Original paper: Jiahe Sun and others, OrthoVenn3: an integrated platform for exploring and visualizing orthologous data across genomes, Nucleic Acids Research, Volume 51, Issue W1, 5 July 2023, Pages W397–W403, https://doi.org/10.1093/nar/gkad313
Benchmarking for Orthologs Predictions
The clustering step is decisive in the results that you will obtain, so choosing a clustering algorithm is a crucial part of working on pangenomics. To facilitate this task, you can utilize the resources the Orthology Benchmarking website provides. This platform offers a pre-processed benchmarking analysis of various methodologies, ranking them based on their efficacy in identifying authentic orthologs (recall). Additionally, it provides the opportunity to assess your own methods and results within this framework.

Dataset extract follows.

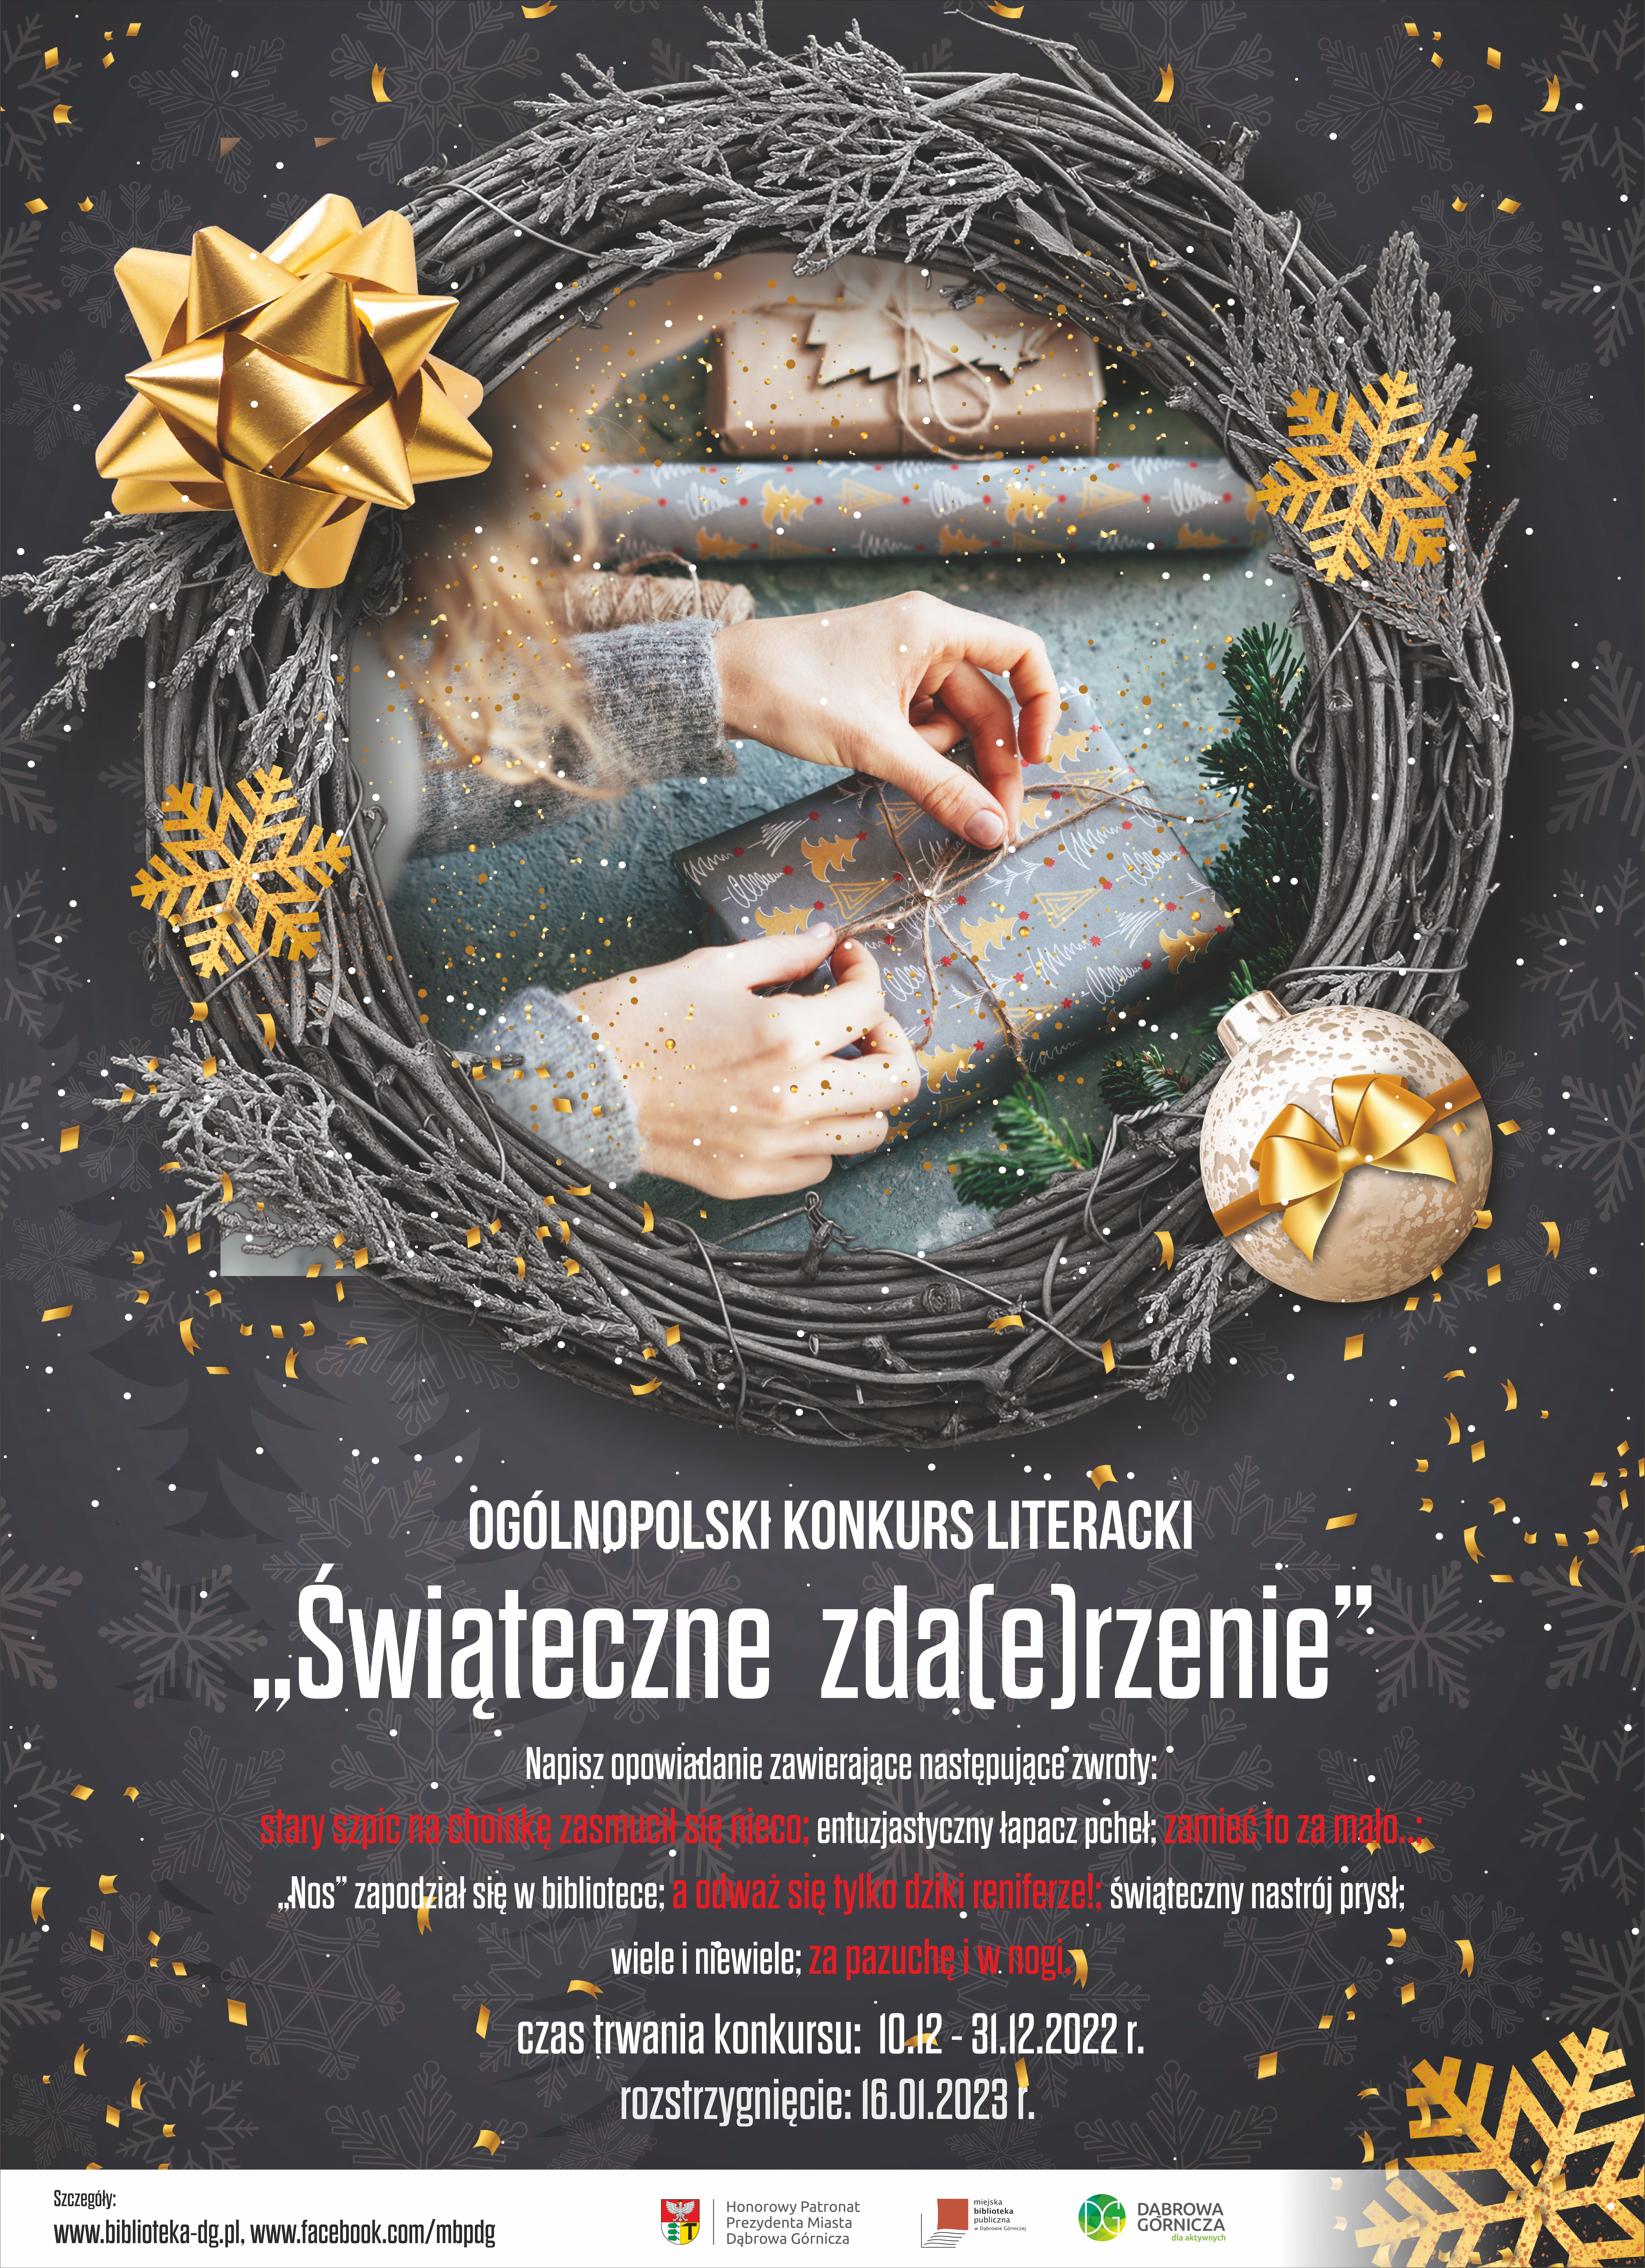 Weź udział w konkursie literackim “Świąteczne zda(e)rzenie”!

For detailed instructions on how to submit your own data for evaluation, please refer to the following information:
How to submit my ortholog predictions to Orthology Benchmarking
Original paper: Brigitte Boeckmann and others, Conceptual framework and pilot study to benchmark phylogenomic databases based on reference gene trees, Briefings in Bioinformatics, Volume 12, Issue 5, September 2011, Pages 423–435, https://doi.org/10.1093/bib/bbr034
Wrap up
In conclusion, the vast array of downstream analyses made possible by our pangenome dataset and accompanying metadata file holds immense promise. By exploring the core and accessory genomes, along with phenotypic correlations, we can gain valuable insights into evolutionary relationships, understand the genetic basis of specific traits, and contribute to better knowledge about the adaptive processes bacteria have achieved in their respective lifestyle.
Carpentries Philosophy
A good lesson should be as complete and clear that becomes easy to teach by any instructor. Carpentries lessons are developed for the community, and now you are part of us. This lesson is being developed and we are sure that you can collaborate and help us improve it.
Key Points
Downstream analysis of pangenomes could be focused on describing the core or the accessory genome of the organism studied.
Examples using the information obtained in the CORE GENOME:
a) Selection of a conserved gene to design a molecular test for a diagnostic tool or a vaccine.
b) Reconstruction of a species phylogenetic tree by using all the core genes.
Examples using the information obtained in the ACCESSORY GENOME:
a) Describe niche-specific genes among the strains compared.
b) Analysis of horizontal gene transfer or genetic recombination.
c) Evolutionary studies of genes (duplication, gain-loss genes, etc.).